In the 50 years since, Vitali has masterfully created presentation pieces for three popes, Queen Elizabeth II and three U.S. presidents. He has executed or designed collections for Tiffany, Movado, Cartier and Bulgari (a connection that goes back three generations in the Vitali and Bulgari families). He has restored historical silver and gold objects dating from fourth century BC through modern times for auction houses, private collectors and museums, including the Metropolitan Museum of Art in New York and the government body overseeing all museums in Italy.

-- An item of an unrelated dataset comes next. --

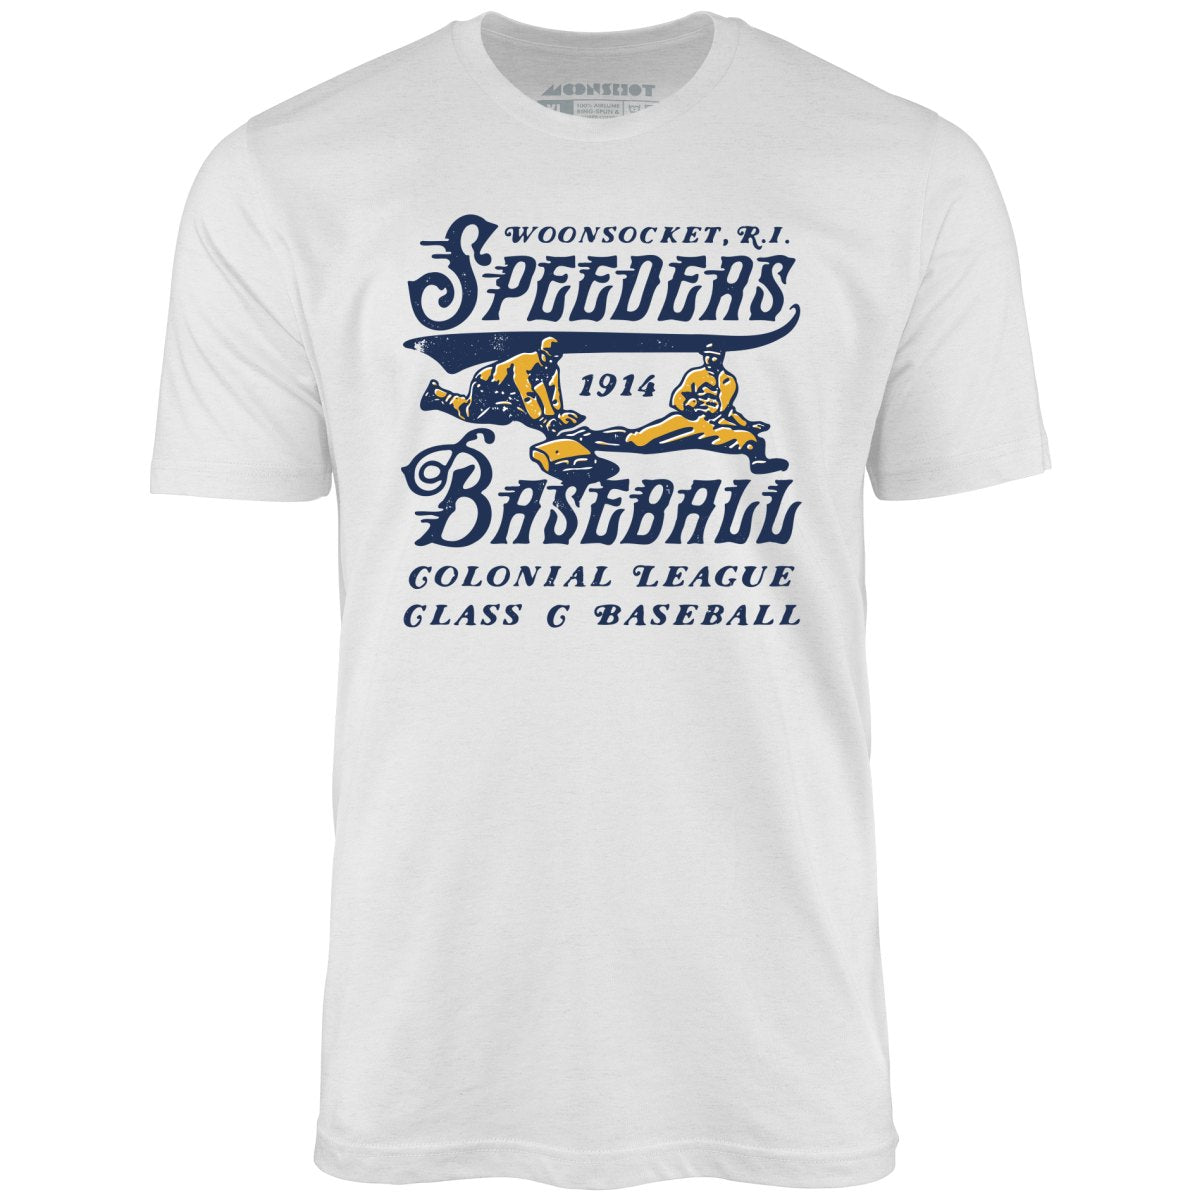 Woonsocket Speeders - Rhode Island - Vintage Defunct Baseball Teams - Unisex T-Shirt

He also designs his own sinuous, sleek contemporary art, distilling a far-ranging knowledge of techniques and styles in precious metals. In the exhibition catalog, Ulysses Dietz, senior curator of decorative arts at the Newark Museum, calls him “arguably the greatest living silversmith in the United States.”
Vitali arrived in New Jersey in 1967 to join his future wife, Anita. They met while both were students—he in sculpture, she in painting—at the Accademia di Belle Arti in Rome. He studied other disciplines as well, convinced that in his future field, “you have to think as an architect, a sculptor and painter.”
For more than 30 years, a 3,500-square-foot studio in Maplewood, New Jersey, has served as Vitali’s combined workshop and laboratory. Two longstanding assistants work beside him, surrounded by hundreds of handmade tools. Depending on the object to be conserved, techniques from antiquity through the latest scientific technologies are applied. The goal in conservation, Vitali says, is “maintaining structural and aesthetic integrity. We don’t try to make it look new.”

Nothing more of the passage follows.